Niw I've stopped getting as anxious about the thought but I still do a little im nit ruminating over them. But I get slightly depressed. I actually have gotten to the stage were I actually feel as if I want to break up with my gf. Keep getting thise thoughts that I don't making me actually odd around her. Again thinking if I'm thinking like this I shouldn't be wit her. I also came to a conclusion that I'm not 100% over my ex. Yesturdy tho I didn't feel anxious and me and my gf had the best day in a long time. I felt so much love I still felt a little anxious it felt right it felt like I coud get used to this. The day after I got really anxious and depressed and felt like I didn't want to e with her anymore as if I really wanted to break up. I try to feel love and I just feel anxiety wich makes me feel like I don't want to be there. So what do you think I want to be with this girl and I do have love for her but I've doubted it that much and got so anxious I don't know what I want anymore. Is this just anxiety. Or should I call it quits.. is there possibility that ice convincdx myself of feeling this way.

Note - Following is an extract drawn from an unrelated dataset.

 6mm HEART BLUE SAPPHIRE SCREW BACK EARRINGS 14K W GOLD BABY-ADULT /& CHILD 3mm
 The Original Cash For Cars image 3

How do I get rid of this anxiety. Is it still anxiety. I dot kniw what I want anymore I just have this anxiety and thus ck stand doubt even tho I like her and she's perfect and when I raren't dobt have the anxiety we get on together so well and I do feel so much lI've then other times I dobt feel any love at all and actually feel like I dobt want to be there. Can I save this. I don't want to give up, even tho my anciety wants me to push her away.
tab7777 curtis75002
Posted
Hi Curtis, I think you have to realize that the issue lies with you. Not that you have a relationship, not the girl, not the ex. There is something about being in a relationship that you are doubting. You think of the ex, yet you know she's your ex for a reason. Your anxiety could be because of a few things...not ready for someone new, worried you've made a mistake, bringing past worries into the current relationship. You should see someone to work through your thoughts and anxieties. There is nothing wrong with talking to people, friends, therapist about what you are experiencing. My advice is that in order to have a good relationship you need to get a handle on what you really want and need. Otherwise it's not fair to your current gurl.